- [Dataset records]
BEGIN
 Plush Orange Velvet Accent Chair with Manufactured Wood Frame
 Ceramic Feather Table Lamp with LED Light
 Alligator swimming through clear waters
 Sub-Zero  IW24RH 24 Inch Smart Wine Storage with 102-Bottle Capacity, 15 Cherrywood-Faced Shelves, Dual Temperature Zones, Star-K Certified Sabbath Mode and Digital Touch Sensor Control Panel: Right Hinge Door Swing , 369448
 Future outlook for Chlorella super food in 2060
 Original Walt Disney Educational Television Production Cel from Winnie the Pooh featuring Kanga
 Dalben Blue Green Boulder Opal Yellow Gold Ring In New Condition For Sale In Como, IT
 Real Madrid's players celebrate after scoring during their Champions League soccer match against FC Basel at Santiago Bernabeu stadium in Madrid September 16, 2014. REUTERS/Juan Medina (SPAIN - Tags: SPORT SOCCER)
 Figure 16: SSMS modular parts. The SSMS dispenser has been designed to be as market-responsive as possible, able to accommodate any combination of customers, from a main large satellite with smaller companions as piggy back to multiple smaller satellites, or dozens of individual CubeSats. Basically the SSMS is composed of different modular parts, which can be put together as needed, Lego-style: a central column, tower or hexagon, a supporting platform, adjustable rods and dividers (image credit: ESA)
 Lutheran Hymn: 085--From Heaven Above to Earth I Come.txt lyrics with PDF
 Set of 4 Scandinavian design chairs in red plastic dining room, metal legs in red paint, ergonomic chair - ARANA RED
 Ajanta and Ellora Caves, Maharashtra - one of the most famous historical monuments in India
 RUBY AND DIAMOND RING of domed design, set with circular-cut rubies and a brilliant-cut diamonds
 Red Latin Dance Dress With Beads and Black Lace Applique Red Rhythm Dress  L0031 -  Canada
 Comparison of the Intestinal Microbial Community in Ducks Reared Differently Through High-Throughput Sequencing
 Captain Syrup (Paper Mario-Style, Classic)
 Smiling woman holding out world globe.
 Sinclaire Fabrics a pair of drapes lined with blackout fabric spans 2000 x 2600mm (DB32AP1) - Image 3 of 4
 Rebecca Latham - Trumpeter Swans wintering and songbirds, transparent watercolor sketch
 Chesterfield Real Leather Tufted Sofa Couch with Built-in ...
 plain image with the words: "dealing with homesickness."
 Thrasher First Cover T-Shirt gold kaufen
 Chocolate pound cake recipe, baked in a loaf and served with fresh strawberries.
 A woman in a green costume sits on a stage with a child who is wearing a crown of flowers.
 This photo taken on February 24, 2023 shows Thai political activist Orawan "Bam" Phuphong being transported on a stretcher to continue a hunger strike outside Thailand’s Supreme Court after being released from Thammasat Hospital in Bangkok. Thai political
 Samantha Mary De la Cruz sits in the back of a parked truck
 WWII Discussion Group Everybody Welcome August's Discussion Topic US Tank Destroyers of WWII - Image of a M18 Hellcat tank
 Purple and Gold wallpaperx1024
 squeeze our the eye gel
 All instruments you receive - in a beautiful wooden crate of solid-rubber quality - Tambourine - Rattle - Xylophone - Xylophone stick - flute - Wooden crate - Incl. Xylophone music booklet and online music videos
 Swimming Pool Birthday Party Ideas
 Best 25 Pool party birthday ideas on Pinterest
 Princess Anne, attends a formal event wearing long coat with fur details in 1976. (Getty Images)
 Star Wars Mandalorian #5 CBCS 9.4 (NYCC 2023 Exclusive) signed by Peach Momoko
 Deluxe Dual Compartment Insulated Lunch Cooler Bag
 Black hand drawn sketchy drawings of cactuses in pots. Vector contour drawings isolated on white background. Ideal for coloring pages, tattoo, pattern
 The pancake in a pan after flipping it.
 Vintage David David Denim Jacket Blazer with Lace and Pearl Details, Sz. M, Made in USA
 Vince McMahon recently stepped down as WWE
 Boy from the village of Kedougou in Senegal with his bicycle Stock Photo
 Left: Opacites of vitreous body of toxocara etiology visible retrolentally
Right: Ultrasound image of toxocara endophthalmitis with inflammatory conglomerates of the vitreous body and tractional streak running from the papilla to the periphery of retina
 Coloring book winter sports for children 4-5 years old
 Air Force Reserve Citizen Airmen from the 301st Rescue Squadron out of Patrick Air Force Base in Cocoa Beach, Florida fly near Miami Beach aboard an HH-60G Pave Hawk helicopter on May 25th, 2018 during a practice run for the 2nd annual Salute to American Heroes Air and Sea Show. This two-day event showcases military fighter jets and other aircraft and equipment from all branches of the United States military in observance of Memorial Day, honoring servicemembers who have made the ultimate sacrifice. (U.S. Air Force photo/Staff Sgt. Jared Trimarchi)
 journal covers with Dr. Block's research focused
END
- [Task description]
An exact copy of the lines from the one with "Best 25 Pool" through the last line of the listing is the whole answer.

- [Result of this task]
 Best 25 Pool party birthday ideas on Pinterest
 Princess Anne, attends a formal event wearing long coat with fur details in 1976. (Getty Images)
 Star Wars Mandalorian #5 CBCS 9.4 (NYCC 2023 Exclusive) signed by Peach Momoko
 Deluxe Dual Compartment Insulated Lunch Cooler Bag
 Black hand drawn sketchy drawings of cactuses in pots. Vector contour drawings isolated on white background. Ideal for coloring pages, tattoo, pattern
 The pancake in a pan after flipping it.
 Vintage David David Denim Jacket Blazer with Lace and Pearl Details, Sz. M, Made in USA
 Vince McMahon recently stepped down as WWE
 Boy from the village of Kedougou in Senegal with his bicycle Stock Photo
 Left: Opacites of vitreous body of toxocara etiology visible retrolentally
Right: Ultrasound image of toxocara endophthalmitis with inflammatory conglomerates of the vitreous body and tractional streak running from the papilla to the periphery of retina
 Coloring book winter sports for children 4-5 years old
 Air Force Reserve Citizen Airmen from the 301st Rescue Squadron out of Patrick Air Force Base in Cocoa Beach, Florida fly near Miami Beach aboard an HH-60G Pave Hawk helicopter on May 25th, 2018 during a practice run for the 2nd annual Salute to American Heroes Air and Sea Show. This two-day event showcases military fighter jets and other aircraft and equipment from all branches of the United States military in observance of Memorial Day, honoring servicemembers who have made the ultimate sacrifice. (U.S. Air Force photo/Staff Sgt. Jared Trimarchi)
 journal covers with Dr. Block's research focused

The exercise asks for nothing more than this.